We employ the network representation53 and the classical ML technique, Random Forest (RF), implemented in scikit-learn59,60,61 as a forecasting method (see details of RF model in “Methods” and Fig. S14a). This approach, developed in a numerical study53, is designed to predict the time remaining before synthetic mainshocks using only catalog information. To compute input features, we define a network as a group of earthquakes (e.g., enclosed by the green line in Fig. S14b) and statistically summarize the catalog information regarding the origin times and seismic moments. Specifically, we use 2 parameters Xi = (ΔtiMi), where Δti is the event interval of each earthquake pair in the current network, Mi is the seismic moment transformed by \(M=1{0}^{3({M}_{{{{\rm{w}}}}}+6.067)/2}\)62, and i denotes the ith earthquake in the current network. The network abstracts them by taking the average and variance in the current network as follows:

$$\overline{{X}_{j}}={\sum}_{i}^{j}\frac{{X}_{i}}{j},\quad \,{{\mbox{Var}}}\,{(X)}_{j}=\frac{1}{j}{\sum}_{i}^{j}{({X}_{i}-\overline{{X}_{j}})}^{2}$$

(3)

where \(\overline{{X}_{j}}\) is the average, Var is the variance, and j is the number of earthquakes in the current network, which we define as the network size. The network size j is determined as percentage of the average foreshock number j = pf, where p is the percentage, and f is the average foreshock number in the training set.
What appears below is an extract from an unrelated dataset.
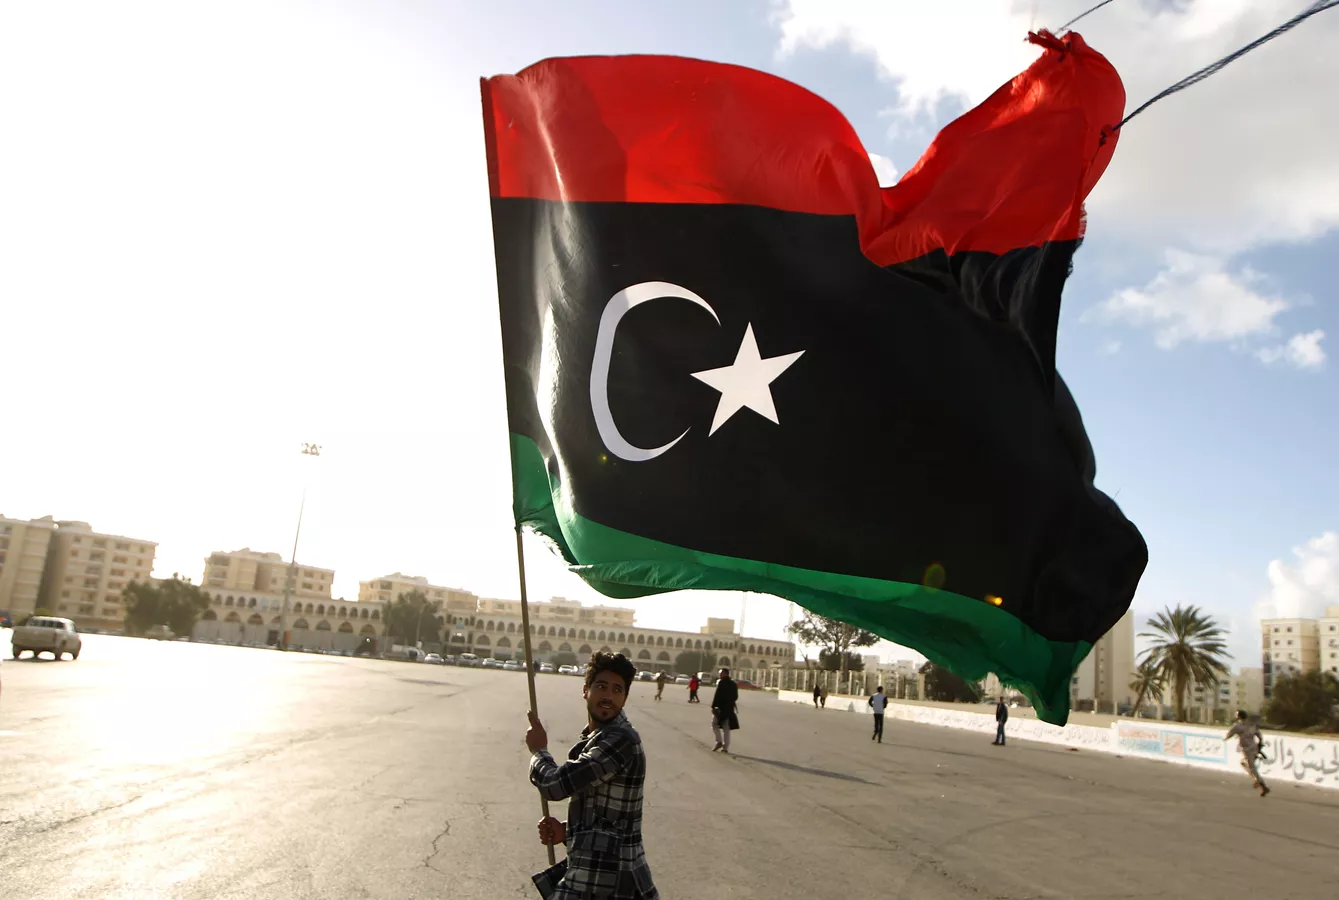 سبوتنيك: أمريكا تجري اتصالات لتشكيل لجنة سياسية جديدة في ليبيا

The number of networks and percentage p are optimized by cross-validation as well as hyperparameters in the RF model (see details in “Methods” and Table S2). Using the multiple networks corresponds to incorporating the temporal evolution of seismicity, which is abstracted by each network (Fig. S14c). Therefore, the network representation conceptually corresponds to adaptive time windows with no fixed duration, but with a duration that changes depending on the stage of quake cycles. For example, the notation \({\overline{M}}_{5f}\) refers to the seismic moment averaged over a network of 5% of the total number of foreshocks over the quake cycles. We use log-normalized values to effectively train the ML and DL models, although the RF model does not require normalization.
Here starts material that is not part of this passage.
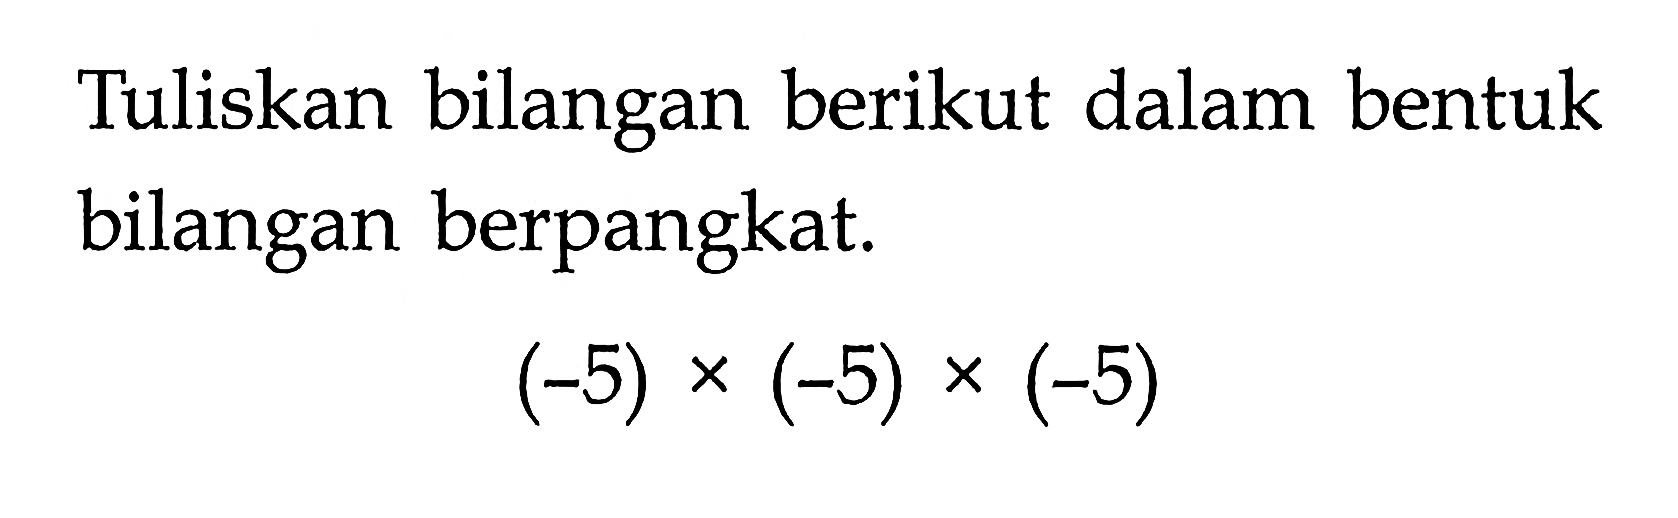 Tuliskan bilangan berikut dalam bentuk bilangan berpangkat. (-5) x (-5) x (-5)

For labels, we compute the time remaining before the quake for each foreshock’s origin time. During the training phase, the computed features are associated with the time to quake of the most recent foreshock. If the latest event is a quake, we calculate the time to the next quake. Additionally, we attempt to predict the nominal shear stress observed by the reaction force bar. Given the differences in the orders of magnitude between the labels, we use the log-normalized value of time to quake and the normalized linear value of shear stress for training and testing. Consequently, the trained ML model outputs predictions of either the time to quake or the shear stress value by considering the current and past catalog information extracted from multiple networks.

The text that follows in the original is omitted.